Pittman T, Bucholz R, Williams D. Pediatr. Neurosci. 1989; 15(1): 13-17.

Affiliation

Division of Neurosurgery, St. Louis University Hospital, Mo.

Comment In:

Pediatr Neurosci 1989;15(4):216.

Copyright

(Copyright © 1989, Karger Publishers)

DOI

unavailable

PMID

2635769

Abstract

Cerebral perfusion pressures (CPP) of less than 50 torr are associated with marginal cerebral blood flow and poor outcome.
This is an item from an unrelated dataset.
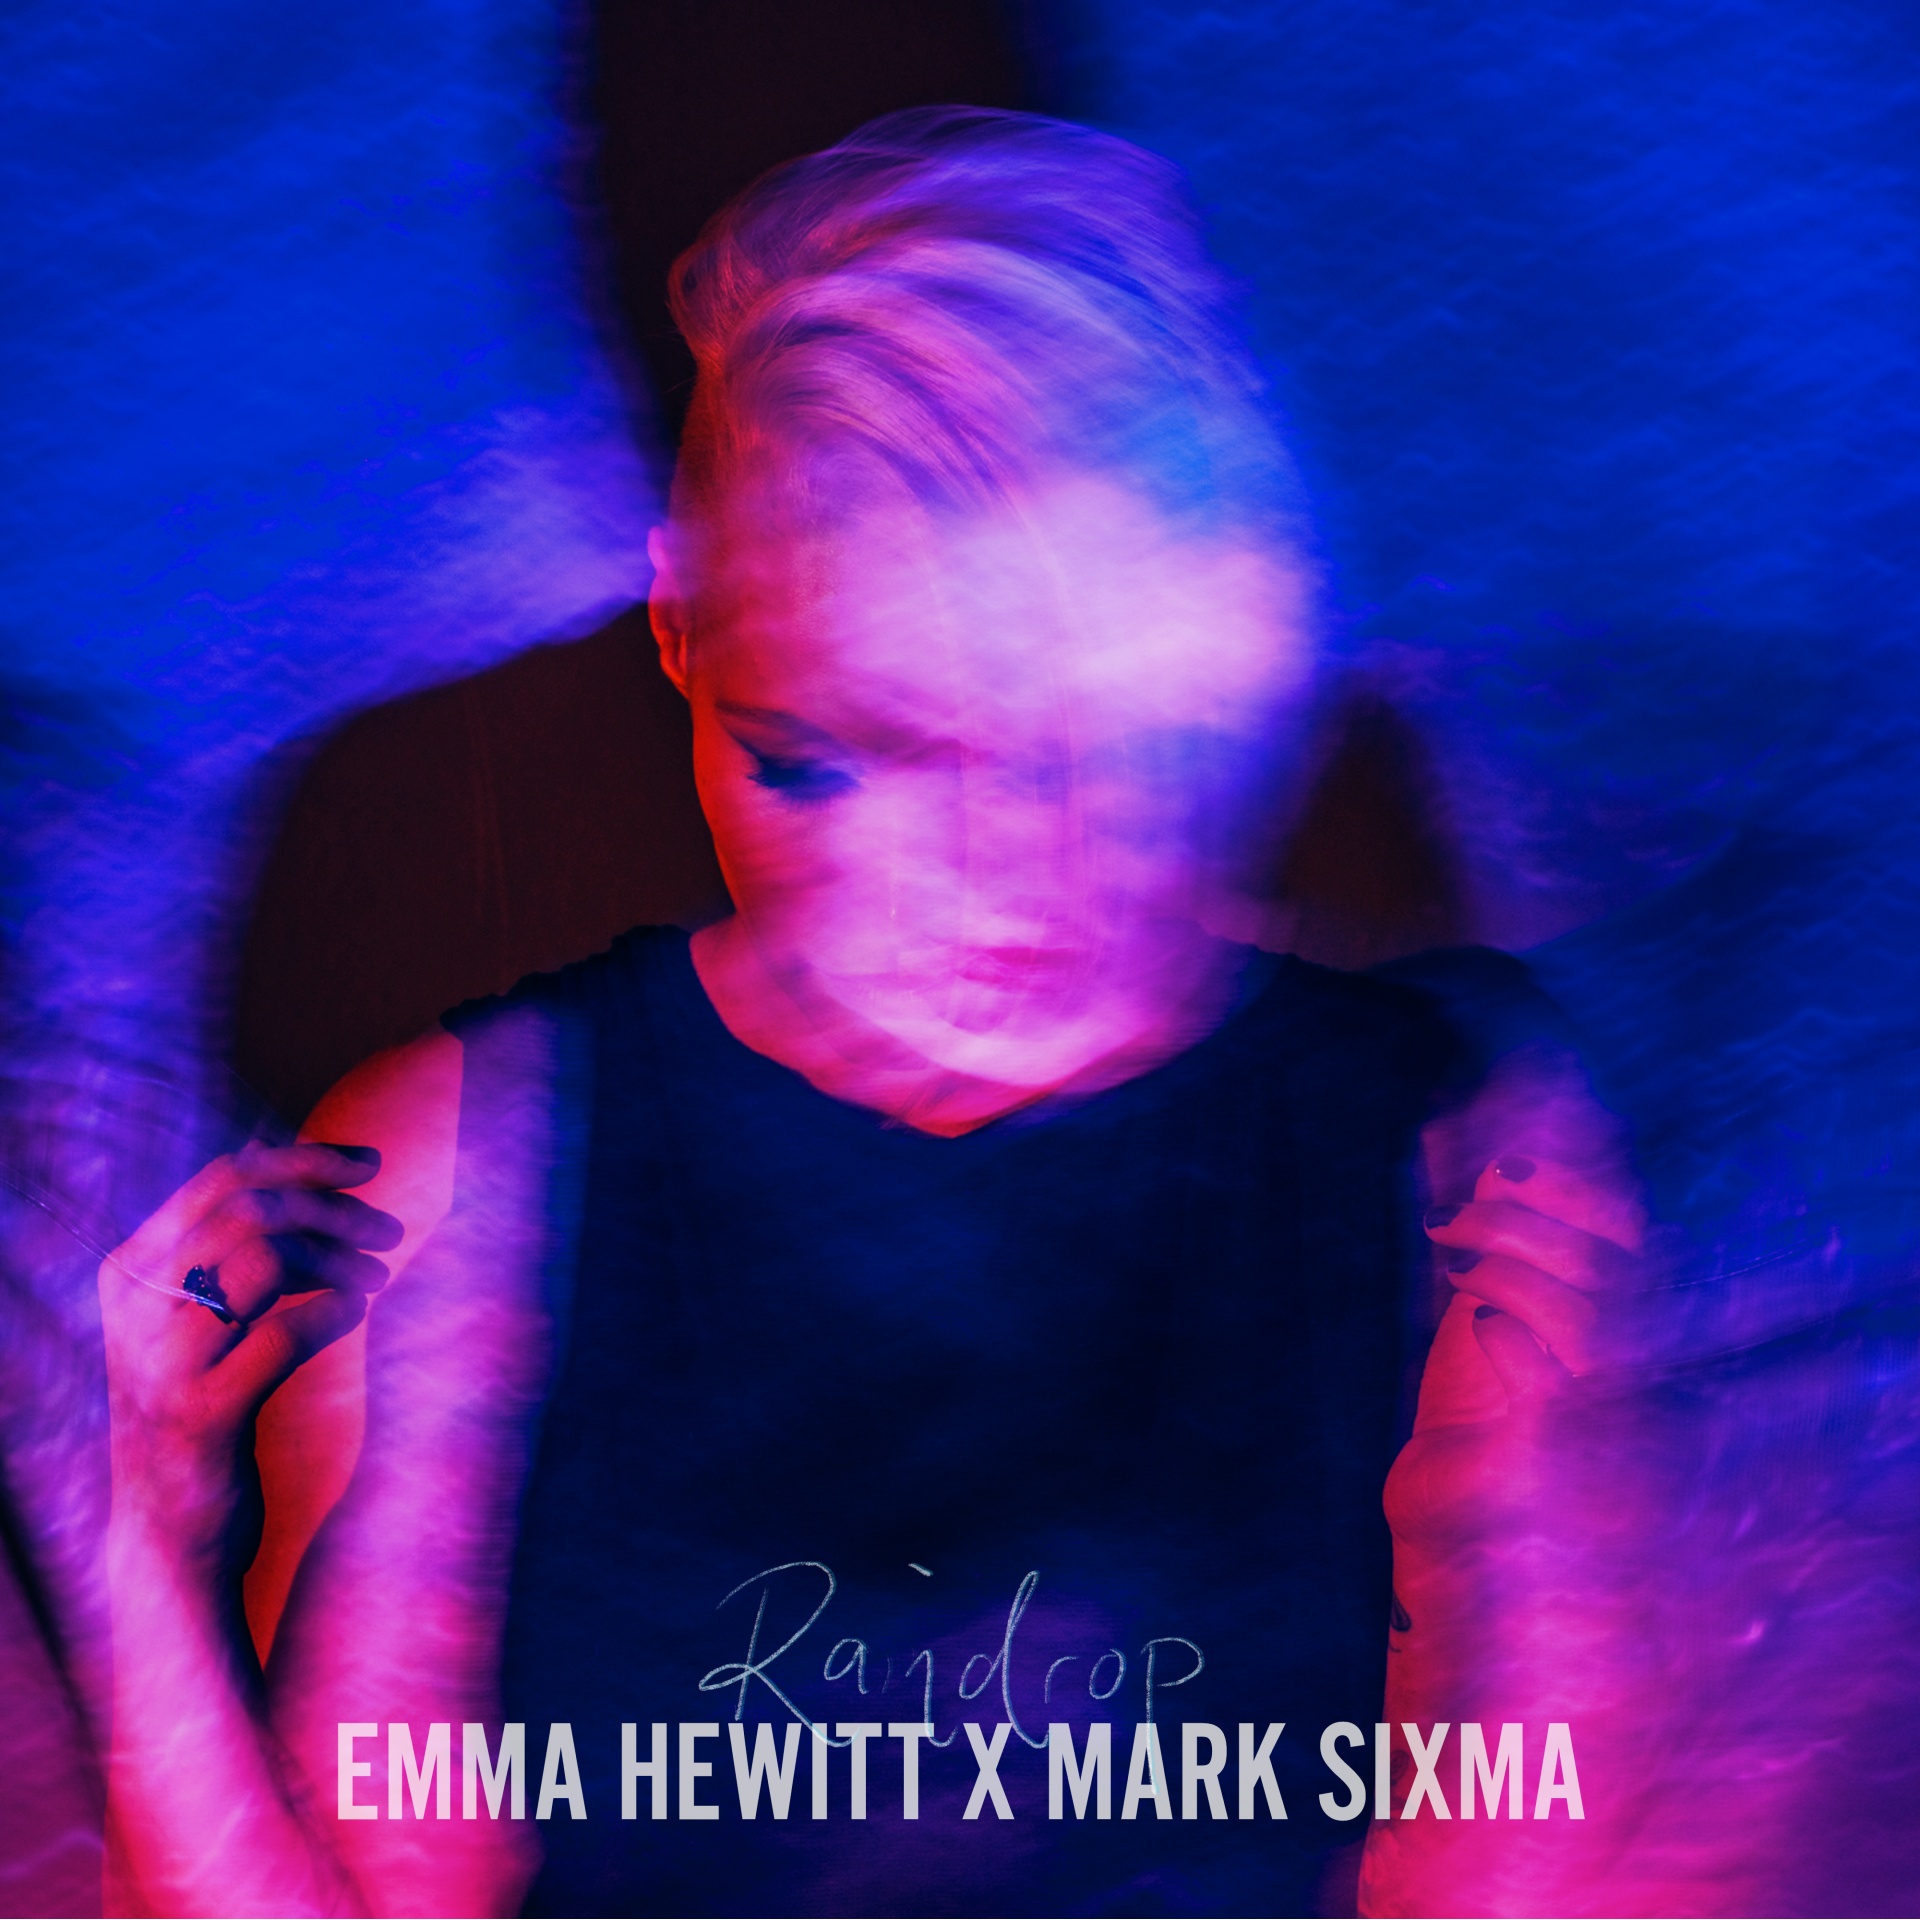 Mark Sixma & Emma Hewitt Team Up On Festival Anthem “Raindrops”

We report our experience with a group of 7 children who survived long period with CPP of less than 50 torr during treatment with pentobarbital. The study group was identified through a retrospective review of all head-injured patients admitted to Cardinal Glennon Memorial Hospital for Children between 1984 and 1986. All of the patients presented had sustained intracranial pressure of greater than 20 torr which was resistant to conventional therapy. All patients received pentobarbital for at least 24 h and all had documented CPP of less than 50 torr for more than 30 min during that time. Of these 7 children: 3 made good recoveries; 2 are moderately disabled, and 2 are vegetative. Neither the CPP nor the length of pentobarbital coma was an accurate predictor of outcome. It seems likely that these children are a subset of those previously defined as having resistant intracranial hypertension and that, as a group, they may have benefited from pentobarbital administration. It is also apparent that, in this group, low CPP was not indicative of irreversible brain damage or brain death.